Faculty
Scholarly Superstar
Bauer Professor Earns University’s Highest Faculty Honor
Wynne Chin, C. T. Bauer Professor of Decision and Information Sciences, was presented with the University of Houston’s highest faculty honor, the Esther Farfel Award, in 2022. The award, established in 1979, recognizes excellence in teaching, research and service.
C. T. Bauer Professor of Decision and Information Sciences Wynne Chin was presented with the University of Houston’s highest faculty honor, the Esther Farfel Award, in 2022. The award recognizes excellence in teaching, research and service, and Chin is just the second College of Business professor to receive the award since it was established in 1979.
“I am grateful to be bestowed this great honor,” Chin said. “The University of Houston has vast talent within its faculty ranks, so it truly is a humbling experience to receive this award.”
In his acceptance speech, Chin noted that he is the second faculty from the business college to receive this award and was grateful to “follow in the footsteps of the previous winner Jack Ivancevich (1988)”. In a full circle moment, Chin said “In fact, I believe it was Jack, as Provost, who approved the UH offer for me to come to Houston as a tenured Associate Professor 25 years ago.”
Chin’s prominence has been recognized in many areas throughout his career, but his approach is always to look for new ways to contribute.
“What does one do if you’ve established excellence in teaching, research, and service in your discipline? The answer is to go beyond,” he said. “So, I’m working on new projects to enhance teaching outside my discipline, research in other fields including Geoscience, Social Work, Education, and Entrepreneurship, and service at a national level to enhance better faculty governance."
Chin’s foundational research was innovating a groundbreaking modeling technique (Partial Least Squares, or PLS) which was adopted by researchers around the world.
He remains the fifth most cited UH professor with 82,000 career citations and is ranked third worldwide in first authored articles published in his discipline's top two journals - MISQ and ISR from 1990 through 2016. But Chin has achieved such prominence while also making outstanding contributions in the areas of teaching, mentoring and faculty governance.
What does one do if you’ve established excellence in teaching, research and service in your discipline? The answer is to go beyond.
Wynne Chin
C. T. Bauer Professor of Decision and Information Sciences
He continues to teach core undergraduate courses such as Supply Chain Management, Business Modeling and Analysis and Introduction to Business Analytics. At the graduate level, he presides over classes such as Business Modeling for Competitive Advantage and leads a doctoral seminar for management information systems students as well as mentoring doctoral students in other departments, including Social Work, Education, and Earth and Atmospheric Sciences.
He is the only UH faculty member to serve twice as president of Faculty Senate (2008 and 2015) and was elected president of the Texas Council on Faculty Senates in 2019, where he helped establish the National Council of Faculty Senates and was elected treasurer this August.

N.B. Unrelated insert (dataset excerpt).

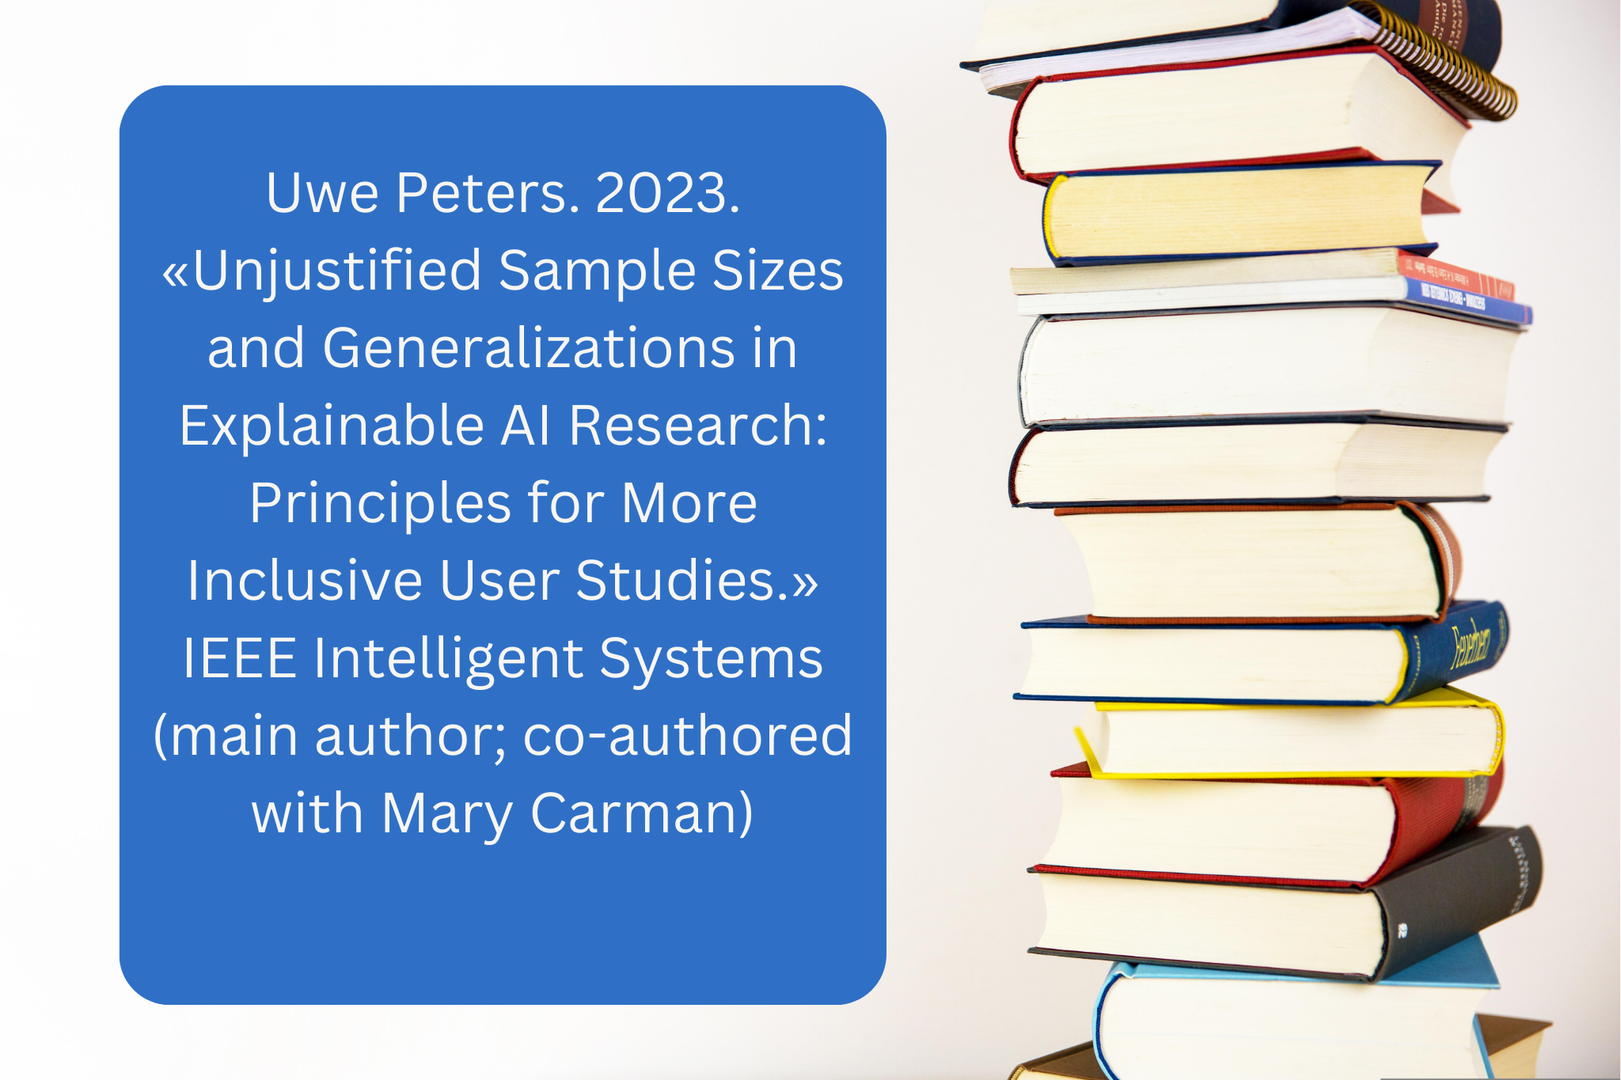 Uwe Peters. 2023. «Unjustified Sample Sizes and Generalizations in Explainable AI Research: Principles for More Inclusive User Studies.» IEEE Intelligent Systems (main author; co-authored with Mary Carman)

Chin was named to the KPMG Ph.D. Project’s prestigious “Circle of Compadres” that recognizes faculty who promote and inspire African American, Hispanic American and Native American Information Systems doctoral students as they pursue their degrees and take their place in the academic profession. Those chosen for this award are outstanding mentors to Ph.D. students in Information Systems and related STEM disciplines.
Chin also started a mentoring group to support new Asian and Asian American faculty members. Locally, he founded the Houston Chinese Faculty Association and nationally, he contributes his energies to organizations such as Leadership Education for Asian Pacific and Asian Pacific Americans in Higher Education.
Chin continues to raise the bar for faculty excellence by sharing and growing his expertise in surprising and thought-provoking ways. One recent example is working with geoscientists in an effort to improve algorithms that predict deep ocean volcanic ridges. He is working with biology faculty both at UH and in California to increase success for underrepresented groups in Science, Technology, Engineering, and the Math disciplines. At UH, he is focusing on undergraduate success. In the California study, he is focusing on the path from graduate school to professorial success. He just initiated work to rethink entrepreneurial orientation in general and its application in the wine industry in particular. He also recently began advising the Texas A&M University system faculty senates on creating a system wide council.
“It’s good to do things you’re interested in,” Chin told an audience at a talk on work-life balance he delivered at UH a few years back.
He’s given the same talk on an international stage. In it, he manages to summarize his formidable accomplishments while making clear that he doesn’t believe in sacrificing family life or personal interests for academic success. Chin practices martial arts, loves fine wine, playing poker and Hearts, and has an impressive collection of silver age comic books and original comic artwork.
He seems to have always conducted his life and career in a full-swing mode that has richly benefitted himself and others.
“Simply doing, and publishing research is not enough,” he has said, articulating the philosophy that has informed nearly four decades in academia, culminating in the 2022 Farfel Award.